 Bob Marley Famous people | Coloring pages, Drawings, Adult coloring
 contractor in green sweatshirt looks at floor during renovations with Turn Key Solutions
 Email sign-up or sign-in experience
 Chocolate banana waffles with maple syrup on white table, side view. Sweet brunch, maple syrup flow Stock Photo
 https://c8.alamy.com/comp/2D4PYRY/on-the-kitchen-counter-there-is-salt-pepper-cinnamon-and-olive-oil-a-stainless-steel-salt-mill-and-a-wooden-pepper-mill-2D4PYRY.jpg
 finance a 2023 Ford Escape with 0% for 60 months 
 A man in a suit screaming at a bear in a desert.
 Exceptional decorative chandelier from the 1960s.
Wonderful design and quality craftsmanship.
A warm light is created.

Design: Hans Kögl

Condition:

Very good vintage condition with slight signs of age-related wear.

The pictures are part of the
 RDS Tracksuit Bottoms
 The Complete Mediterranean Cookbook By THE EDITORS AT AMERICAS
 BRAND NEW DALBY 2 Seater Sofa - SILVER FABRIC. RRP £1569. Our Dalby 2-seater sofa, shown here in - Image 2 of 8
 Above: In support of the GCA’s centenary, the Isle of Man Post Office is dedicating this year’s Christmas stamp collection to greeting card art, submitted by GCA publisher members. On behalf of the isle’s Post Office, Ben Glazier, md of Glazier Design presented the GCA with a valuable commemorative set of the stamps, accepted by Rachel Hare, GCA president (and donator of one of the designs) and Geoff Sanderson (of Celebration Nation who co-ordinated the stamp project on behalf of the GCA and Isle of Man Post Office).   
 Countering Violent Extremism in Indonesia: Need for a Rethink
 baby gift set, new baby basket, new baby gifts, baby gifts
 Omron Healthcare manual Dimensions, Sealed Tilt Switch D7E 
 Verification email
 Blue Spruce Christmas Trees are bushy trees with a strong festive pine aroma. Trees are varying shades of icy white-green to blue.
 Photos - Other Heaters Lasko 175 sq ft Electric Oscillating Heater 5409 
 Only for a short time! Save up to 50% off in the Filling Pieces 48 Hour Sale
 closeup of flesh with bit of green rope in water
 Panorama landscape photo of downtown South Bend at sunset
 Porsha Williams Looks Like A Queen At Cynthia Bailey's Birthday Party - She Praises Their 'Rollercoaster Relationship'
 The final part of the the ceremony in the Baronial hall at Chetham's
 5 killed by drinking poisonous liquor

□ □ □

• _Exercise objective_
The range runs from the line with "Above: In support" up to and including the line with "Photos - Other" in the listing above; please write out exactly those lines and nothing more.

• _Output_
 Above: In support of the GCA’s centenary, the Isle of Man Post Office is dedicating this year’s Christmas stamp collection to greeting card art, submitted by GCA publisher members. On behalf of the isle’s Post Office, Ben Glazier, md of Glazier Design presented the GCA with a valuable commemorative set of the stamps, accepted by Rachel Hare, GCA president (and donator of one of the designs) and Geoff Sanderson (of Celebration Nation who co-ordinated the stamp project on behalf of the GCA and Isle of Man Post Office).   
 Countering Violent Extremism in Indonesia: Need for a Rethink
 baby gift set, new baby basket, new baby gifts, baby gifts
 Omron Healthcare manual Dimensions, Sealed Tilt Switch D7E 
 Verification email
 Blue Spruce Christmas Trees are bushy trees with a strong festive pine aroma. Trees are varying shades of icy white-green to blue.
 Photos - Other Heaters Lasko 175 sq ft Electric Oscillating Heater 5409 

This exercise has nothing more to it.